The most common form of diabetes in dogs is Type I (insulin-dependent diabetes), which occurs when the pancreas is incapable of producing or secreting adequate levels of insulin, thereby causing high levels of glucose in the blood. For most dogs with Type I diabetes, insulin therapy in the form of insulin injections is essential to not only regulate their blood glucose levels but to ensure their very survival. And so, if your dog is exhibiting the four classic symptoms of diabetes — increased thirst and water intake, increased urination, appetite gain and weight loss – bring him to the vet immediately.

To make a proper diagnosis, your vet will record all of your dog’s clinical signs, perform a physical examination, and collect both blood and urine samples. Treatment will then depend on the severity of his symptoms, the test results, and whether he has any other health issues that could complicate his therapy. Since every dog responds differently to treatment, your dog’s therapy must be tailored to fit him – now and for the rest of his life.

Your dog’s initial insulin dose will be based on his body weight, and adjustments will be made until the optimal dose has been determined. Insulin injections are usually given twice a day — every 12 hours with meals – and your vet will show you how to administer them. And because regular blood glucose checks are critical to monitoring his blood sugar, your vet will help you set up a testing schedule and show you how to perform the tests yourself at home.

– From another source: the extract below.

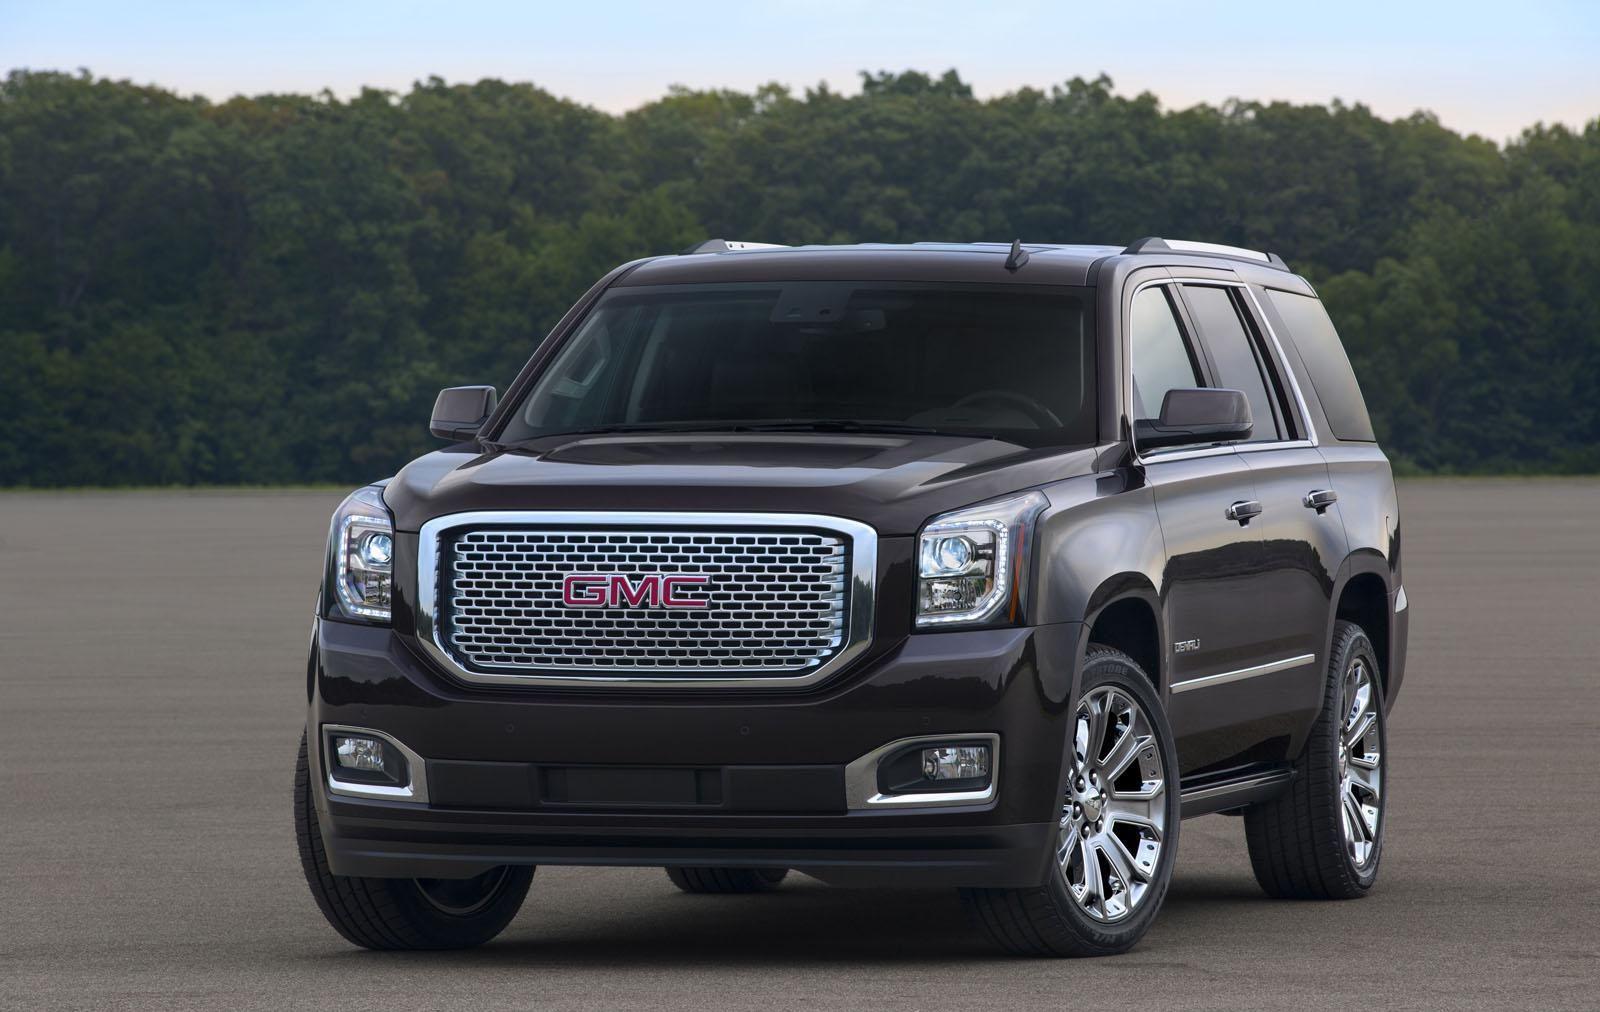 2020 gmc yukon denali concept price and release date rumor new car rumor

Routine is key to successfully caring for your diabetic dog, and along with his insulin therapy, you must strictly manage and maintain his weight through proper diet and exercise. You should feed him twice a day (when he receives his insulin), keep him on a high-fiber diet to help slow down glucose absorption, and, most importantly, avoid giving him any treats high in glucose.

Because exercise can help avoid high blood sugar levels and may improve the insulin’s absorption into his system, provide your dog with steady, moderate-intensity activities. Too much or too strenuous exercise can cause his glucose levels to become dangerously low, resulting in hypoglycemia. Hypoglycemia can also occur when your dog’s had too much insulin or if he didn’t eat when he received his regular insulin injection. To be prepared for just such an emergency, ensure that either glucose powder or a glucose solution is always within reach.

Although diabetes is a lifelong condition without a cure, it can be managed effectively, keeping your beloved dog healthy and happy for as long as paws-ible.